Abstract

Monocytes play an important role in the regulation of alloimmune responses after heart transplantation (HTx). Recent studies have highlighted the importance of immunometabolism in the differentiation and function of myeloid cells. While the importance of glucose metabolism in monocyte differentiation and function has been reported, a role for fatty acid β-oxidation (FAO) has not been explored. Heterotopic HTx was performed using hearts from BALB/c donor mice implanted into C57BL/6 recipient mice and treated with etomoxir (eto), an irreversible inhibitor of carnitine palmitoyltransferase 1 (Cpt1), a rate-limiting step of FAO, or vehicle control. FAO inhibition prolonged HTx survival, reduced early T cell infiltration/activation, and reduced DC and macrophage infiltration to heart allografts of eto-treated recipients. ELISPOT demonstrated that splenocytes from eto-treated HTx recipients were less reactive to activated donor antigen-presenting cells. FAO inhibition reduced monocyte-to-DC and monocyte-to-macrophage differentiation in vitro and in vivo. FAO inhibition did not alter the survival of heart allografts when transplanted into Ccr2-deficient recipients, suggesting that the effects of FAO inhibition were dependent on monocyte mobilization. Finally, we confirmed the importance of FAO on monocyte differentiation in vivo using conditional deletion of Cpt1a. Our findings demonstrate that targeting FAO attenuates alloimmunity after HTx, in part through impairing monocyte differentiation.

Highlights

  • Heart transplantation (HTx) is the preferred treatment for numerous patients with end-stage heart failure; it provides a median survival of approximately 12 years and a significant improvement in quality of life [1, 2]
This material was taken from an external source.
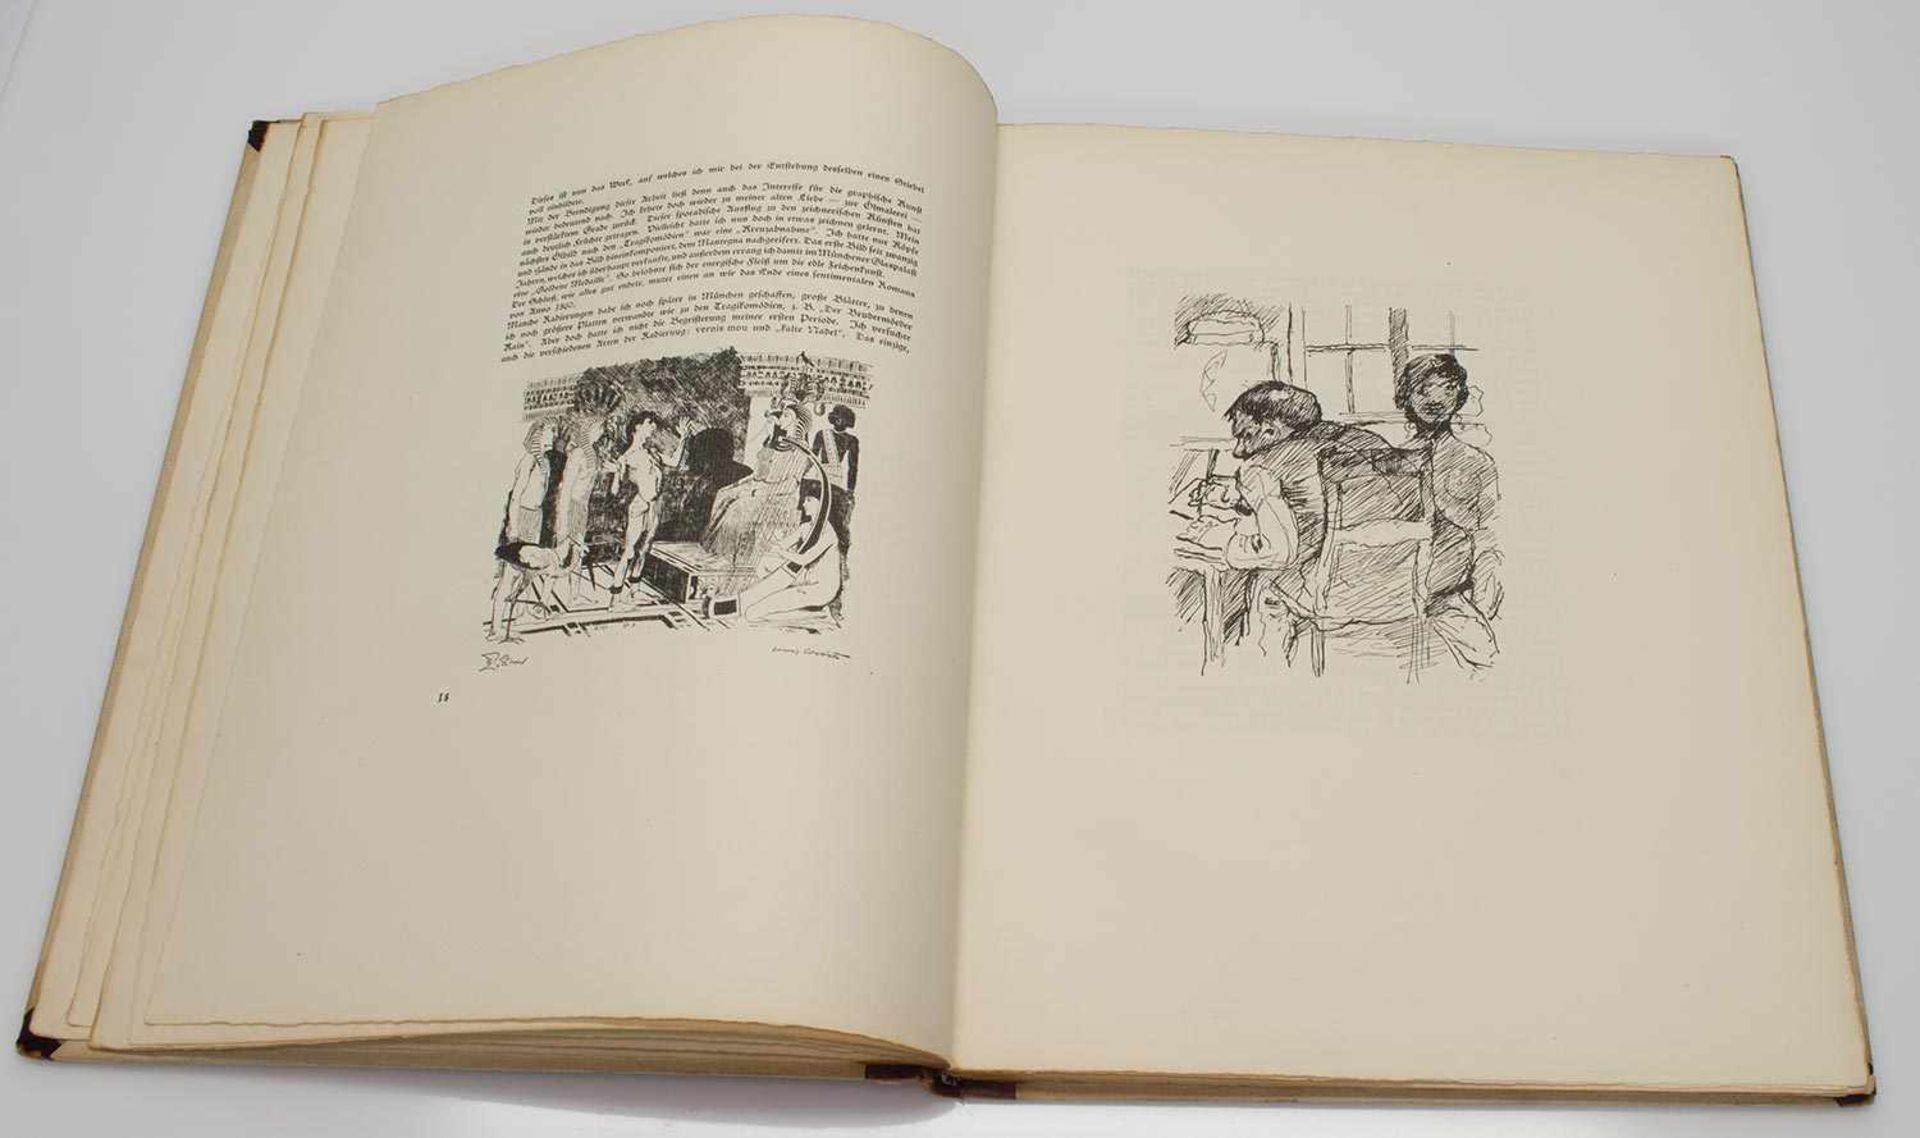 Lovis CorinthLovis Corinth - Gesammelte Schriften , Fritz Gurlitt Verlag/ Berlin 1920, handsignierte - Bild 3 aus 3

  • Our investigation of central carbon flux in monocytes showed a significant increase in fatty acid β-oxidation (FAO) flux after 48-hour incubation following either granulocyte macrophage colony-stimulating factor (GM-CSF) + IL4 or macrophage colony-stimulating factor (M-CSF) stimulation, which was sharply inhibited by pharmacological inhibition of FAO (Figure 4C)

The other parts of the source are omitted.